Religious leaders and organisations that establish schools, especially universities and other tertiary institutions, with tithes paid by members and make school fees out-of-reach for members have been called upon to do a rethink by questioning themselves on whether their policies are promoting or going against the gospel.

The Vice Chancellor, Freedom International University and Theological Seminary, Archbishop [Professor] Edwin N. Ozuzu, who made these remarks, in Abuja stated that church leaders have the moral responsibility to make their educational institutions affordable for children of members who pay tithes for the construction of such institutions.

His words: “It is not only religiously wrong but morally reprehensible to establish schools, whether universities or lower institutions, with tithes paid by members and children of such members are denied the opportunity of schooling in the institutions due to high fees.”

Archbishop [Professor] Edwin N. Ozuzu wondered, in an interview soon after the 15th Graduation ceremony and 2021 Honourary Degree Awards to distinguished Nigerians held in Abuja recently, what religious bodies are turning into today and he regretted that profit and materialism has beclouded the minds of some pastors and prophets.

He remarked that many pastors and prophets have deviated from the original calling of saving souls and are profiteering by establishing businesses that their members, who are levied for the projects, cannot afford.

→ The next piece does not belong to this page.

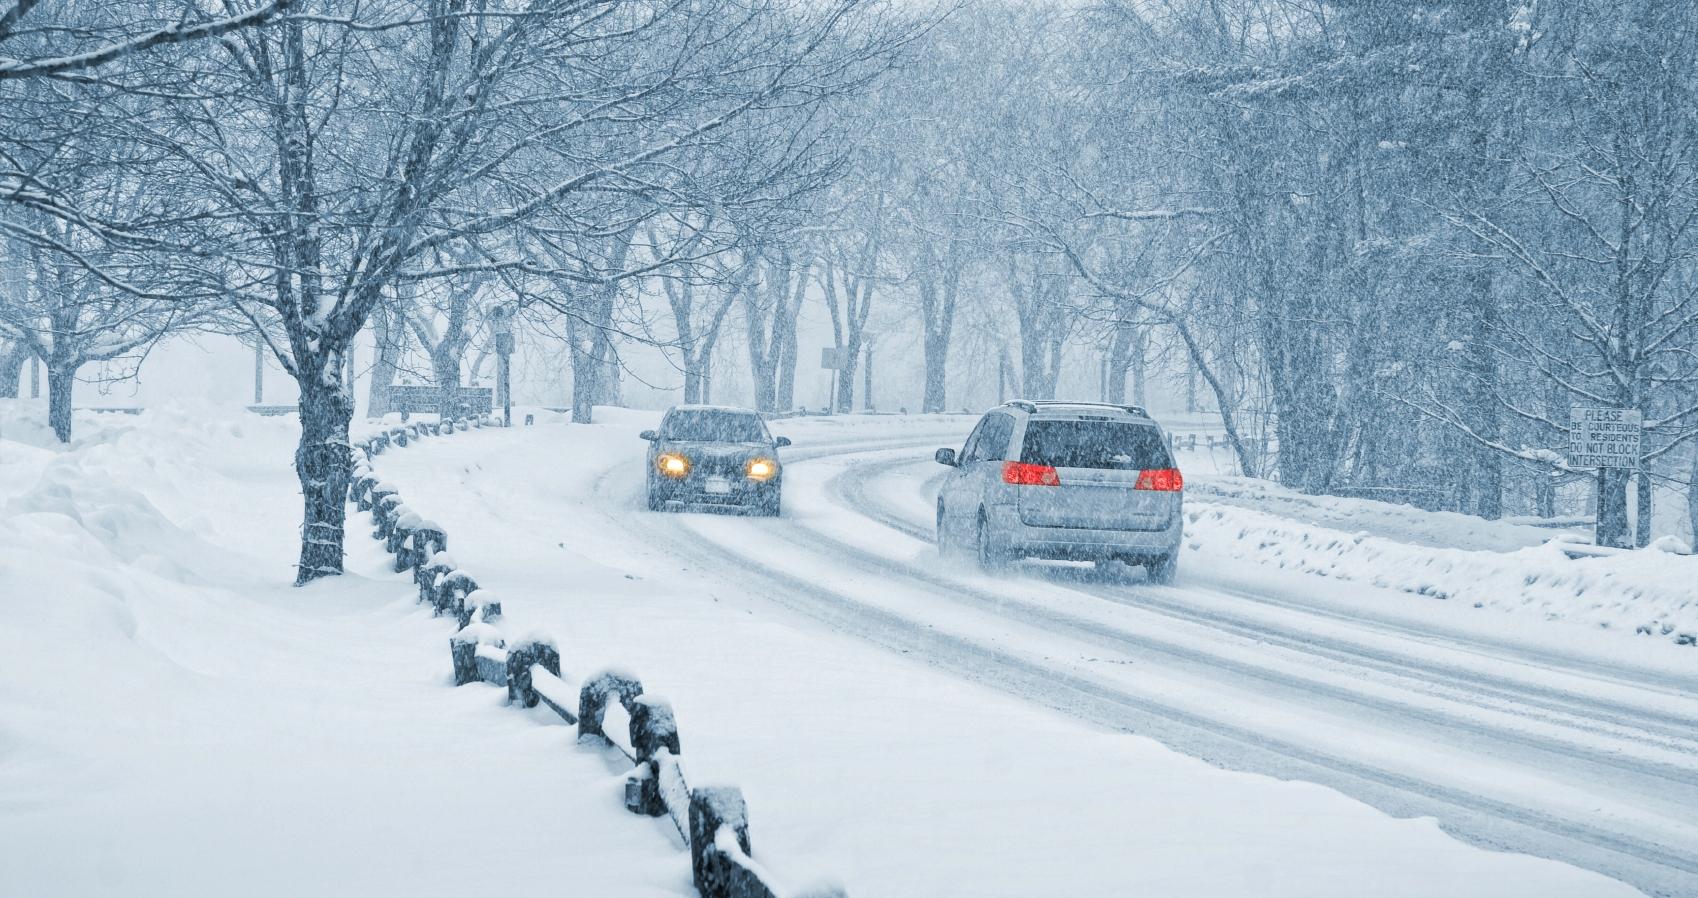 Winter Weather - PROCEDURES

Professor Ozuzu said to solve the problems created by such situations; churches should create scholarships exclusively for members’ children and ensure that qualified students among them get the opportunity to study.

On the agitation within the circles of the present administration that profits made by religious bodies that engage in profitable ventures should be subjected to annual taxation, Professor Ozuzu disagreed with the campaigners describing the plan as exploitative.

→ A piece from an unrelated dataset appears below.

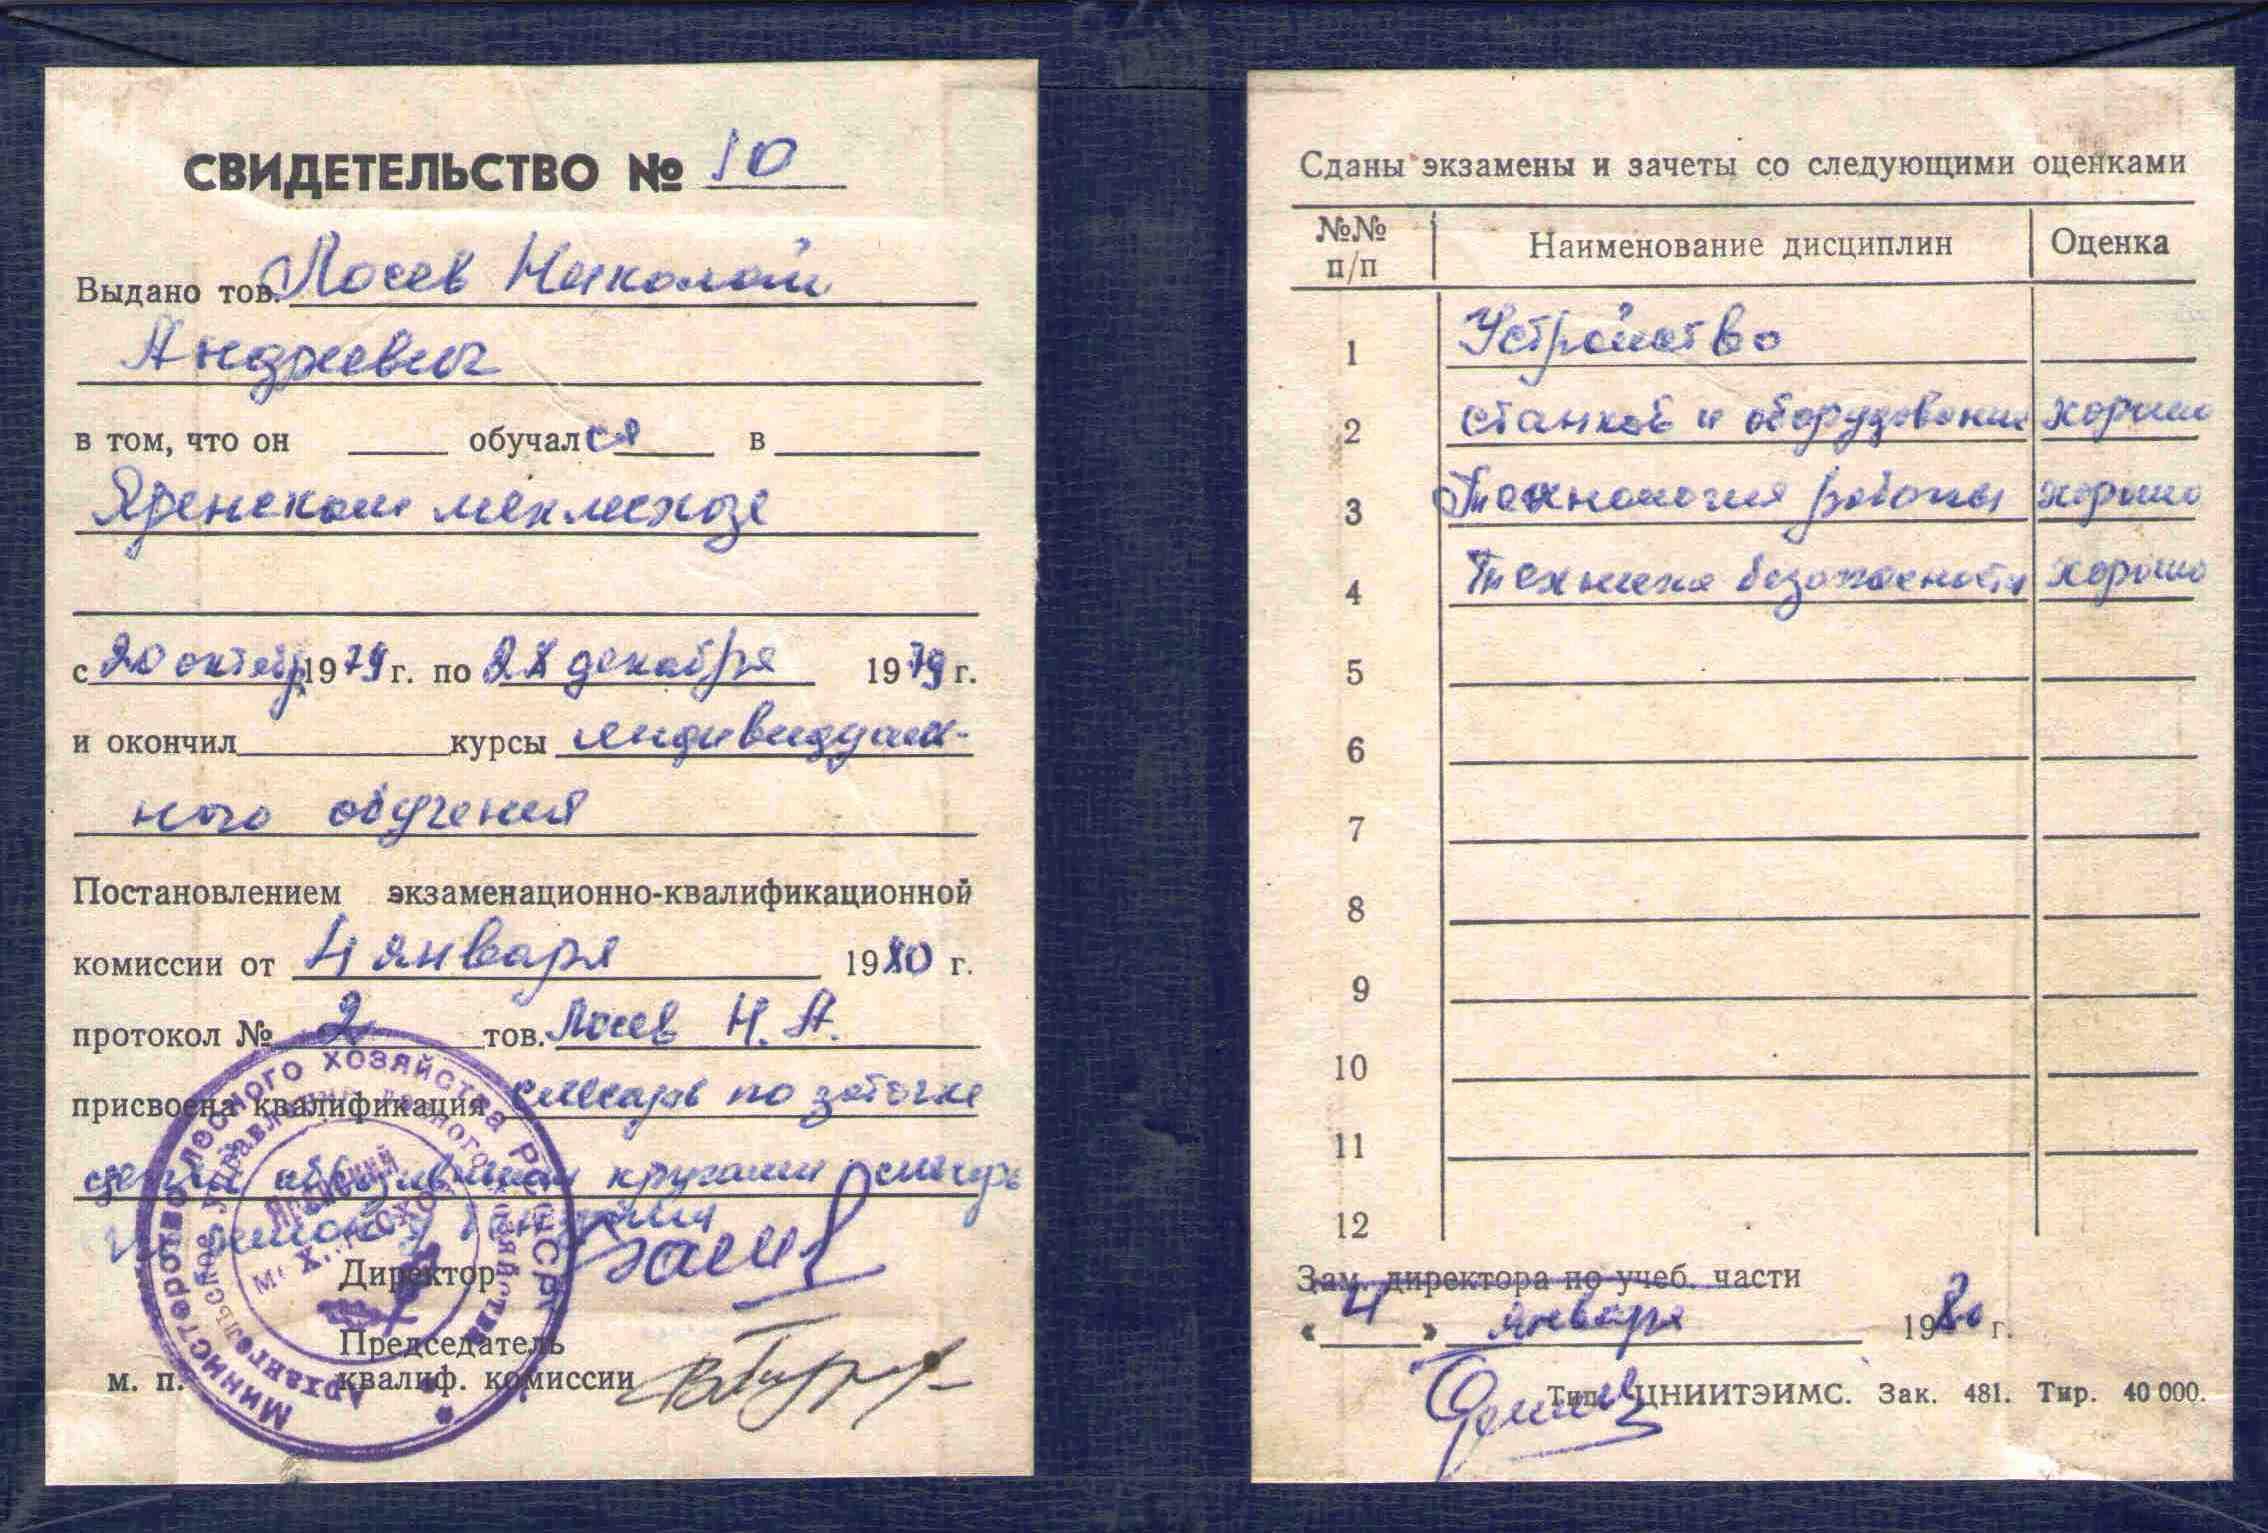 67. Свидетельство об обучении в Яренском мехлесхозе, 1980

He stated that throughout the world, religious organisations enjoy tax exemptions because they are classified as non-profits regardless of the type of income generating ventures they operate.

“It is wrong for any well-meaning person to think about taxing religious bodies whether it is a Christian or Muslim organisation. Many of these institutions invest on schools, hospitals or orphanages.

“There is no way we can make huge amounts of money from such ventures which are meant to uplift the lives of members of the communities where the religious bodies operate,” he argued.